Perhaps the finest Backpedaling occurs following a betrayal. The concerted self-saboteur seems to eventually betray everybody who was fool enough to rely upon being in his orbit. His gravity cannot hold any opposing body, and everybody eventually opposes him on something, if only in his hyperactive age-addled imagination. Some of his fiercest defenders have been downed by what had recently been friendly fire when The Self-Saboteur-In-Chief gets a notion. Few assaults seem so vicious, for they threaten the self-saboteur's most precious possession, their self-proclaimed reputation for infallibility. The self-saboteur repeats this fable above all others, that he represents the most brilliant and least error-prone of the whole species. He thinks of himself as infallible, so it sparks a crisis whenever evidence appears that he might have committed an error, especially in his ever-reliable judgment. He judges himself harshest who has the most unerring judgment. Then, the incumbent commences Backpedalling. If his minions seem absurd when trying to reverse the inexorable march of history, the incumbent looks much worse. He's the last to notice.

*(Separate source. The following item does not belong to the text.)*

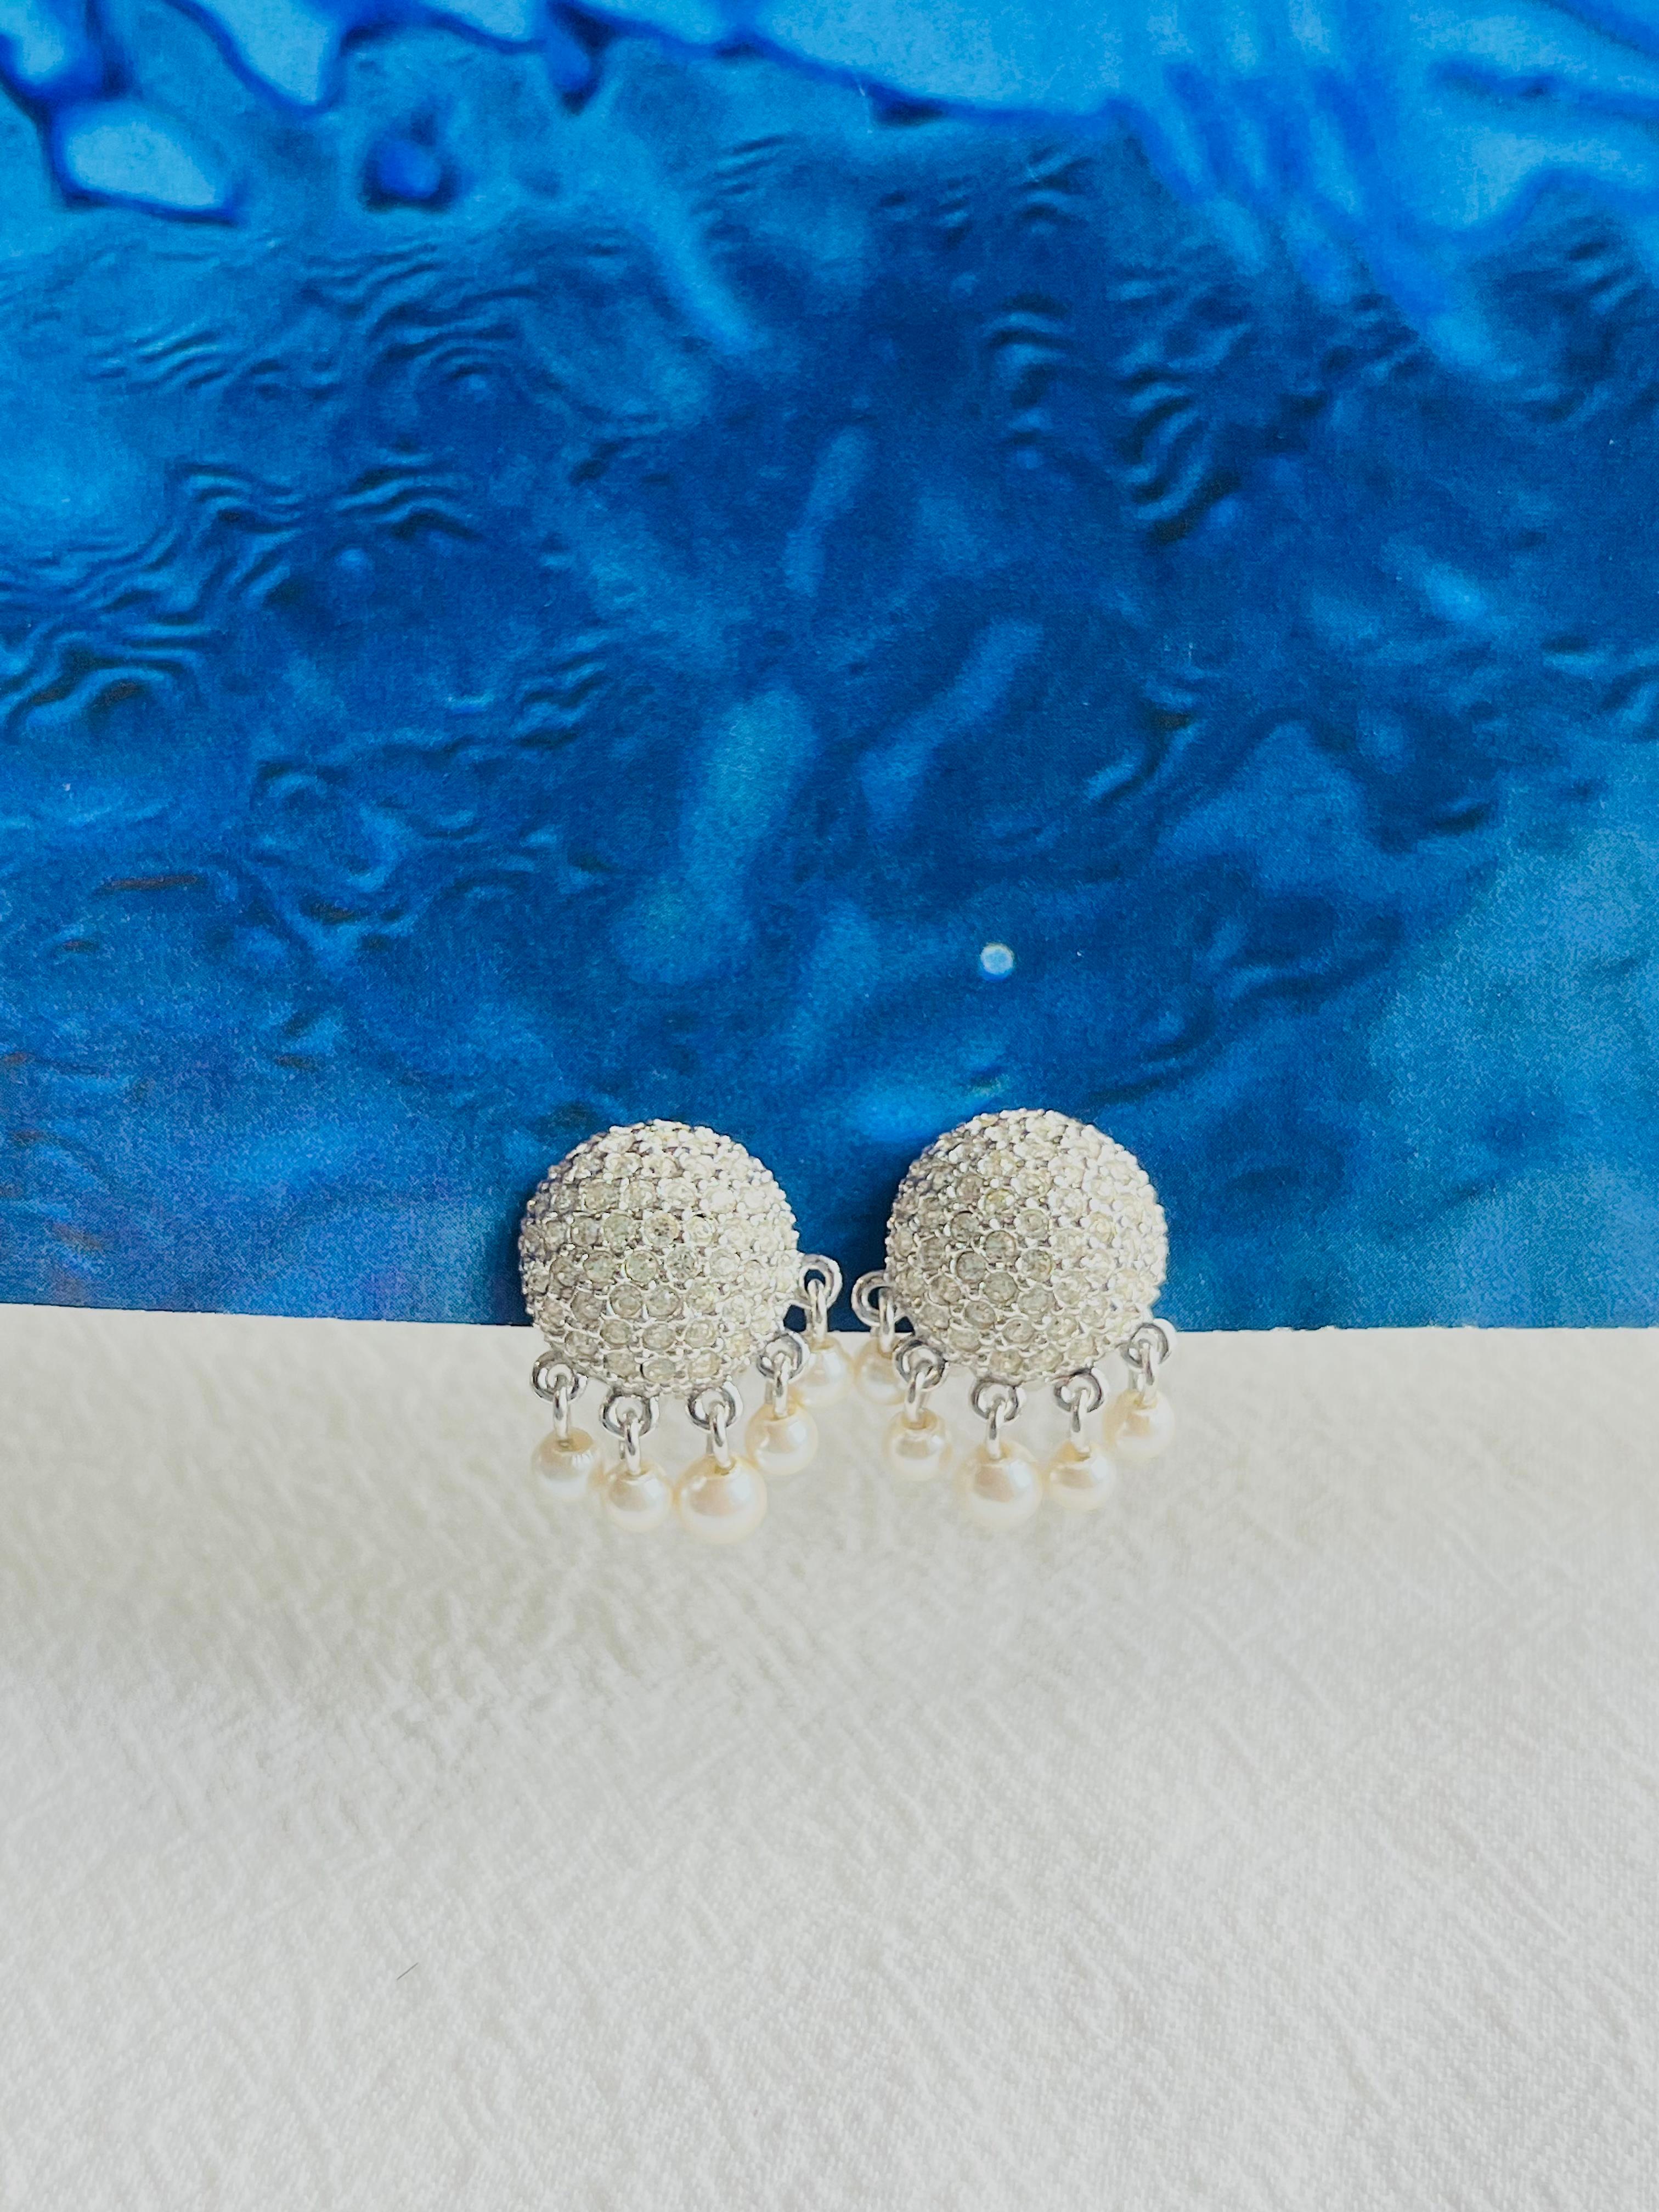 Christian Dior Vintage 1980s Whole Crystals Round Tassel Pearls Clip Earrings, Silver Tone

Excellent condition. Very new. All crystals are shining. 100% genuine. 

A very beautiful pair of clip on earrings by Chr. DIOR, signed at the back.

Size:

Fortunately for his tender, well-cultured self-esteem, he seems incapable of admitting he ever makes an error. Sure, he chose only the best and brightest. Still, it's uncanny, some say, how many of those presumed perfect persons are ultimately discovered to have deceived our innocent and well-meaning Chief Executive. They were slobs dressed in clever camouflage and not uncovered until well after their appointment. That the guilty party reportedly mentioned something untoward at a dinner party might even be forgotten among the smoke display and the glittering mirror accompanying the Chief's Backpedalling, which almost qualifies as genuinely inspiring. Such Chutzpah! Such Skill! Such an absolute lack of anything anyone could ever mistake for credibility! He thrives, though, on just this sort of display, for he believes his shady story even when, even if, nobody else in this universe ever did.

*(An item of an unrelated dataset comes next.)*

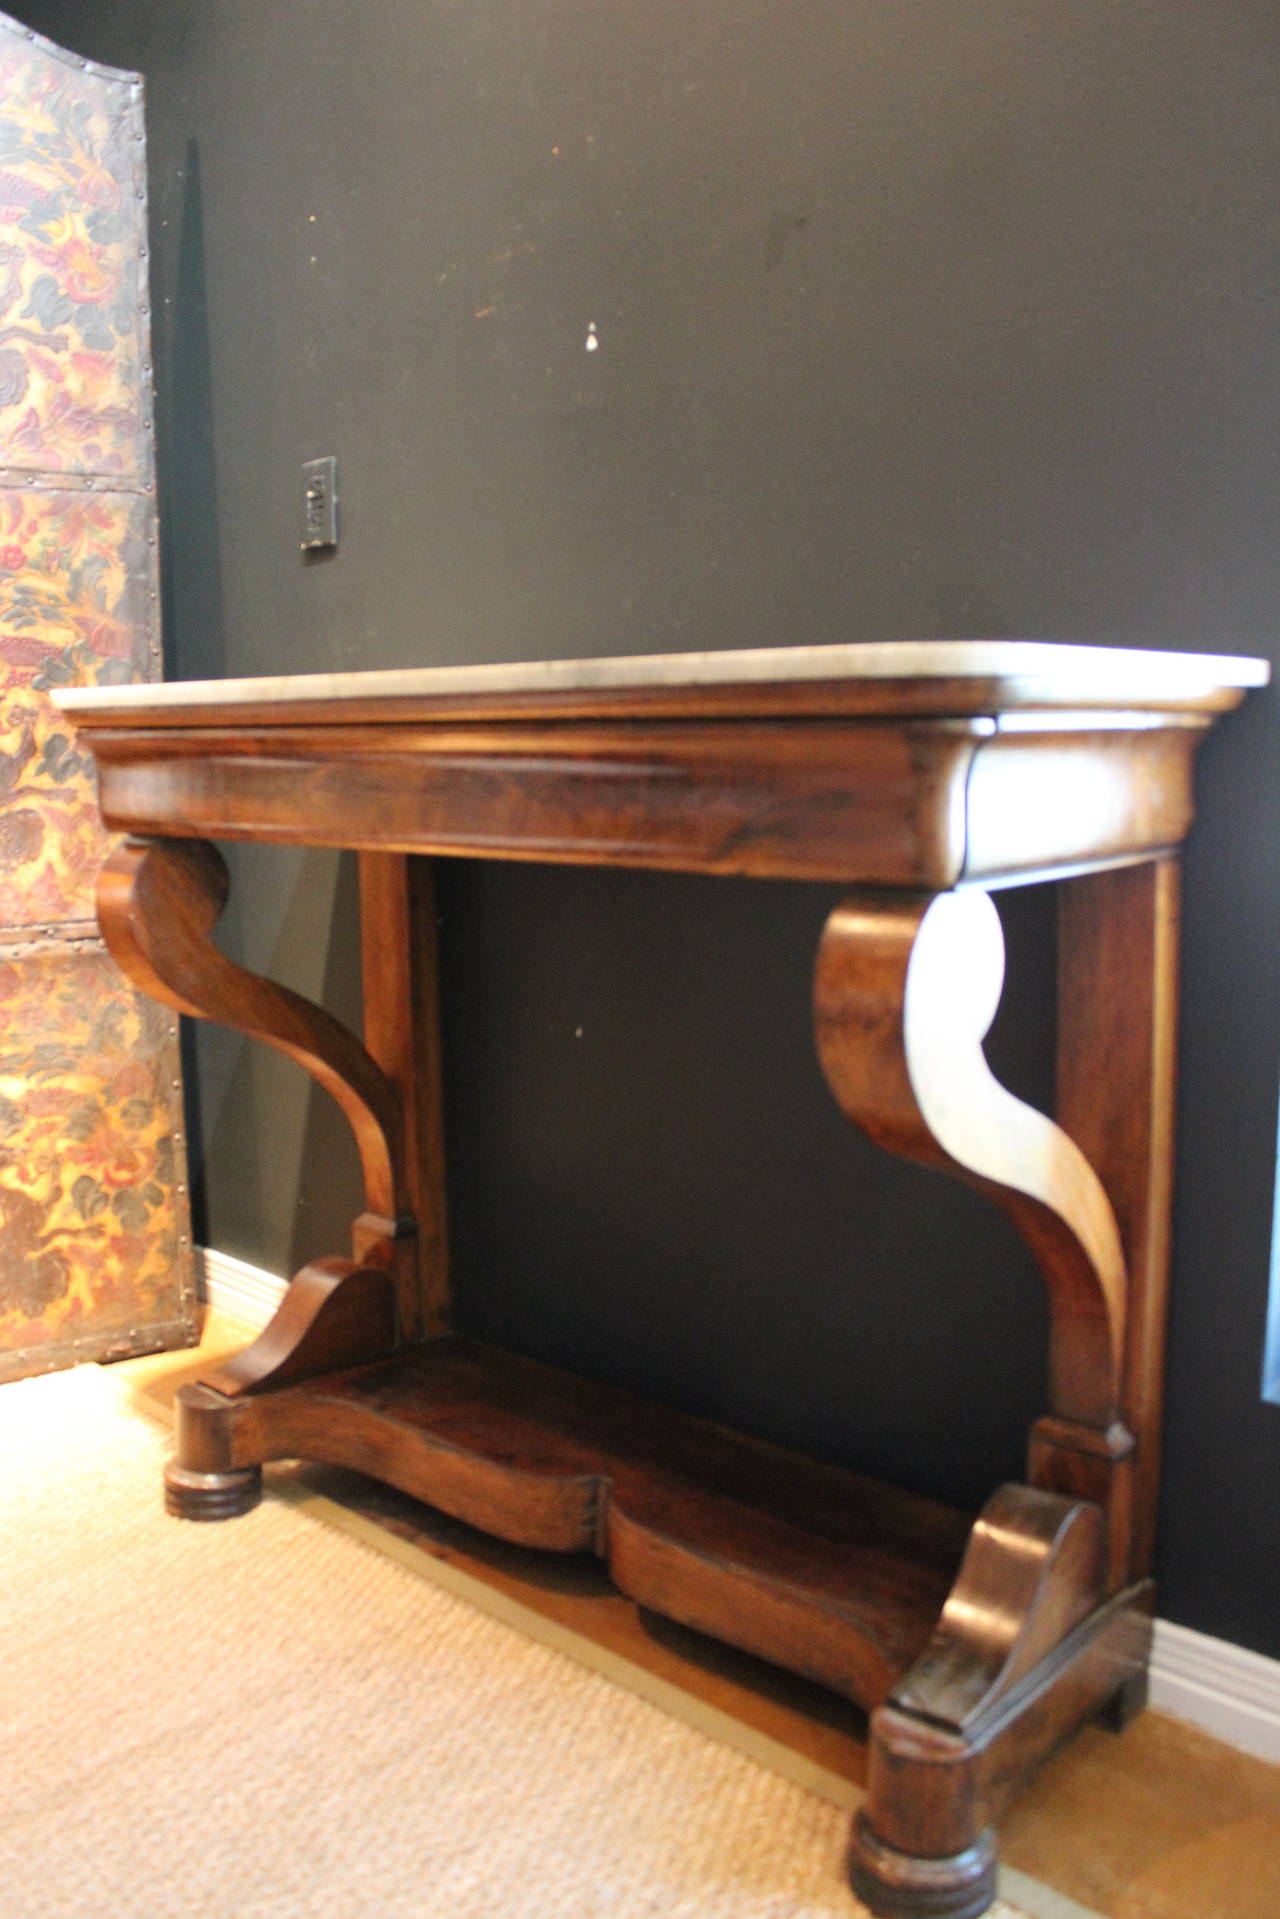 Antique walnut console table with scroll base and hidden drawer set below aged white and grey Carrara marble top.

The successful Backpedaller ultimately displays their ability to deny, even when—especially when—nobody else in this universe or any other ever believes a word of the story. They still declaim their story and even seem to find it inspiring. Their self-esteem, which might have otherwise taken a hit, emerges deepened and broadened from the experience. An almost beatific aura encircles our protagonist's head, and all's more than merely right with this world again. The world seems better for having misplaced truth and candid honesty for a few soul-satisfying seconds. If this world is a stage and we're all actors, the production we perform in must be a farce worthy of a better playwright than even Candide. Our play's cast seems filled with actors who firmly believe they are not acting, with a few even convinced that they are the playwrights of the lines they're reciting. But peering beside and perhaps even behind Backpedaling, we might glimpse some Divine Comedy unfolding there, where ignorance and self-deception inform those actors much better than even intelligence might. They exclusively hide behind only the lamest excuses. They insist that they had completed their homework before the dog ate it. They had cleaned the house just before a rogue localized dust storm undid all their effort. Most convincing to themselves if to nobody else, they truly never knew nothing, and certainly nothing for certain. Seriously, this is the first I've heard about this. If I had known in advance, I would never have allowed it to happen. Yadda yadda, spink, spank, spink!